Update October 2014: I have taken my experiences with excess lipase activity, combined it with interviews with trusted medical professionals, and turned it into a 40+ eBook. If you are looking for more information about excess lipase activity, breast milk donation, and support from a mother who has been there, then this eBook is for you.
Excess Lipase: My Journey to Becoming a Milk Donor
When I realized that I had a problem with excess lipase in my breast milk, I was devastated. I had a ton of milk in my freezer that had a bad taste and my little girl wouldn’t drink it. I was tremendously upset that I had all this milk that she wouldn’t be able to take advantage of in the future. However, what really brought me to my knees was the thought of having to throw it all away. I just couldn’t. Thankfully, someone in this wonderful LeLeche League forum suggested donating to a milk bank. Once I realized that becoming a milk donor was an option, I knew it was exactly what I wanted to do. I just had to figure out how to do it!
I started out by visiting the website for the Human Milk Banking Association of North America to find a milk bank close to me. I ended up donating to the Mothers’ Milk Bank of Ohio.

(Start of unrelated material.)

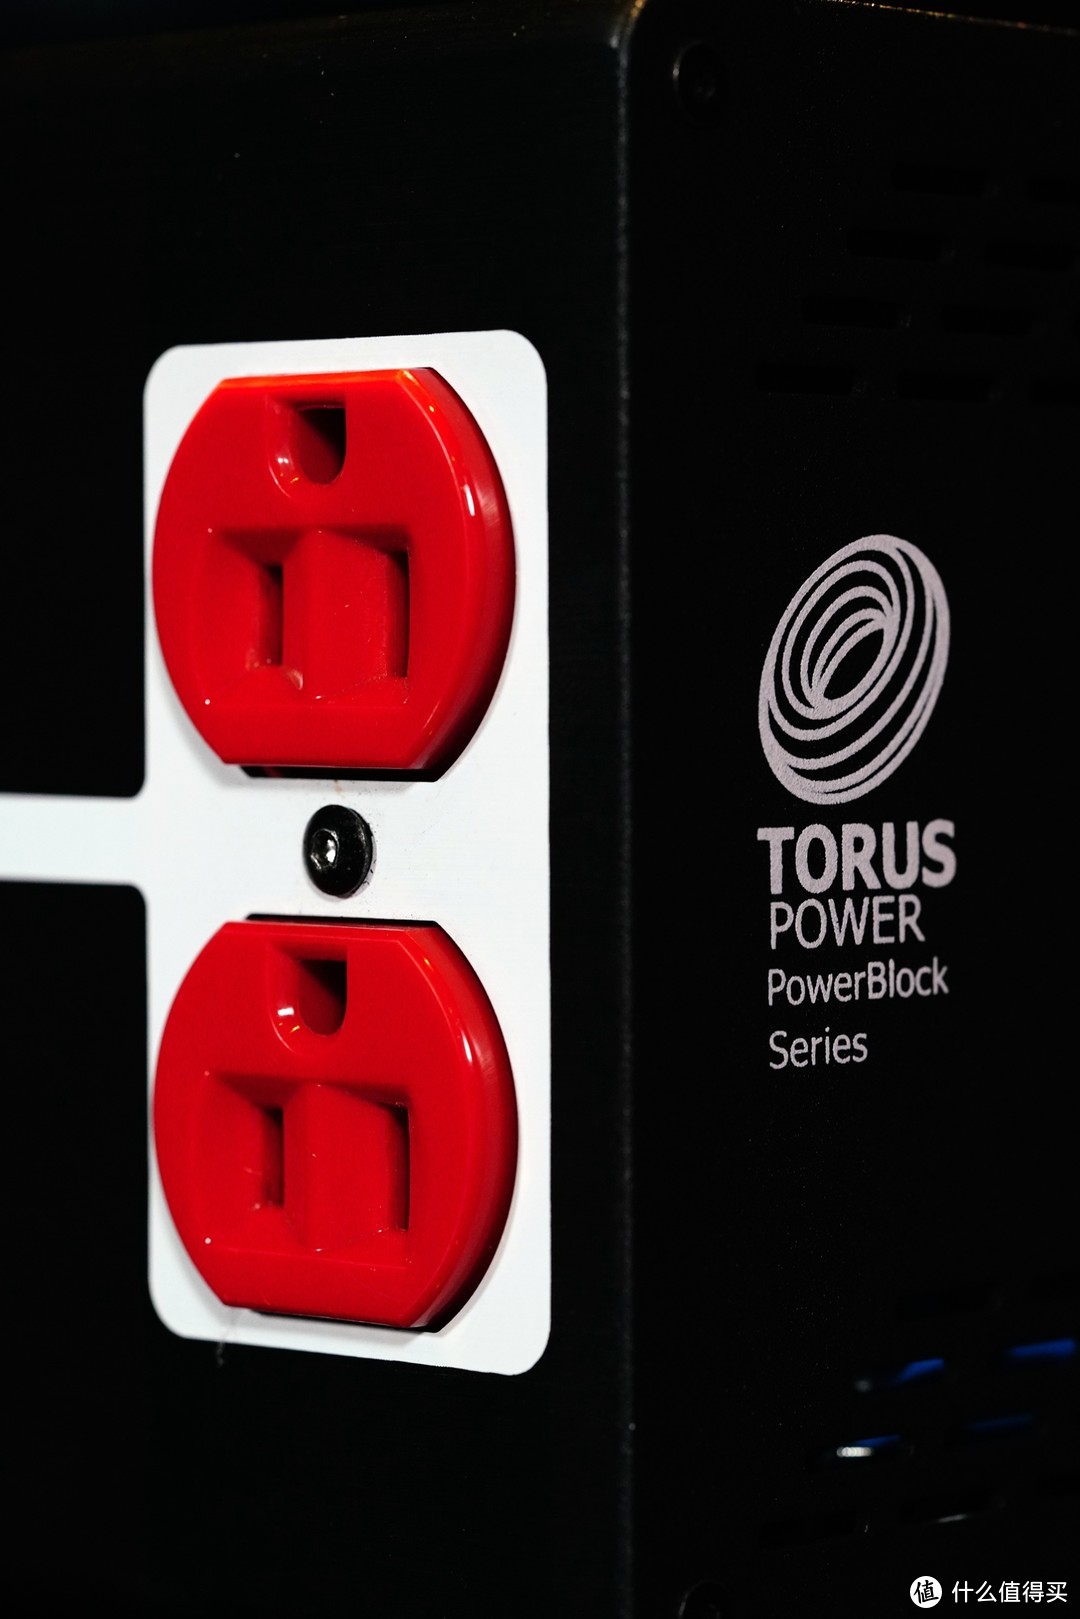 立竿见影 改观明显——TORUS POWER PB4 515R电源处理器

I called their number listed online and started the application process. (Please Note that this blog post is about my experience donating to the Mothers’ Milk Bank of Ohio. If you choose to donate your breast milk, the details of your experience, application process and milk bank may be different. )
Becoming a milk donor was a 6 step process.
Step 1 – The first time I called the milk bank to ask about being a donor they conducted a 5 minute interview. They covered basic health questions as well as things that might be a red flag for being approved (medications, illnesses, traveling to certain countries, etc).
Step 2 – After passing the initial interview, I was sent an extended health interview in the mail. It was a several pages long and I mailed it back. Included was a form that the milk bank would send to my OBGYN and my daughter’s pediatrician to get their stamp of approval for me to donate my breast milk. I remember that I felt very nervous when I received my packet in the mail. I went over and over and over the pages to be sure everything was filled out correctly and I didn’t miss anything.
Step 3 – Diane from the Mothers Milk Bank of Ohio called me to let me know that I had passed the extended health questionnaire. She was calling to explain the next step of the process and to let me know that she would be shipping me some things. What was the next step? A blood test.
Diane said that this part of the process is often the hardest. She was sending me the vials and return shipping supplies that I needed, but I would need to find someone to donate a needle, tourniquet and their time to draw my blood. My first thought was to call one of my nurse friends, but you can’t just take a needle home from work without your employer getting a little upset. I ended up having one of my lactation consultants at the local hospital help me. By that point they all knew exactly what I was dealing with and was more than happy to help me out. My blood was drawn; I shipped it off to Texas for testing and then waited to here the final verdict.
I was approved. I clearly remember driving home and listening to the voicemail from Diane telling me that I was officially approved as a breastmilk donor. I cried. I called a breastfeeding girlfriend who would understand and I cried some more.
A couple days later Nate and I went through the process of figuring out how many ounces of milk I actual had to donate. I was confident that I had the minimum 200 ounces that I would need as a onetime donor, but I needed to know exactly how much I was sending to figure out how many boxes I would need to ship my milk. Also, I needed to know for myself. I was doing really well at holding it all together until I came to the bag from January 6th. I had written “Happy Birthday, Mommy!” on the bag. That just broke my heart.
For the record, I needed 2 boxes to ship my milk. I donated 574.5 ounces of breast milk. It is amazing that I was able to have that much milk to begin with and it is a miracle that I was able to give it to babies in need when my own baby wouldn’t drink it.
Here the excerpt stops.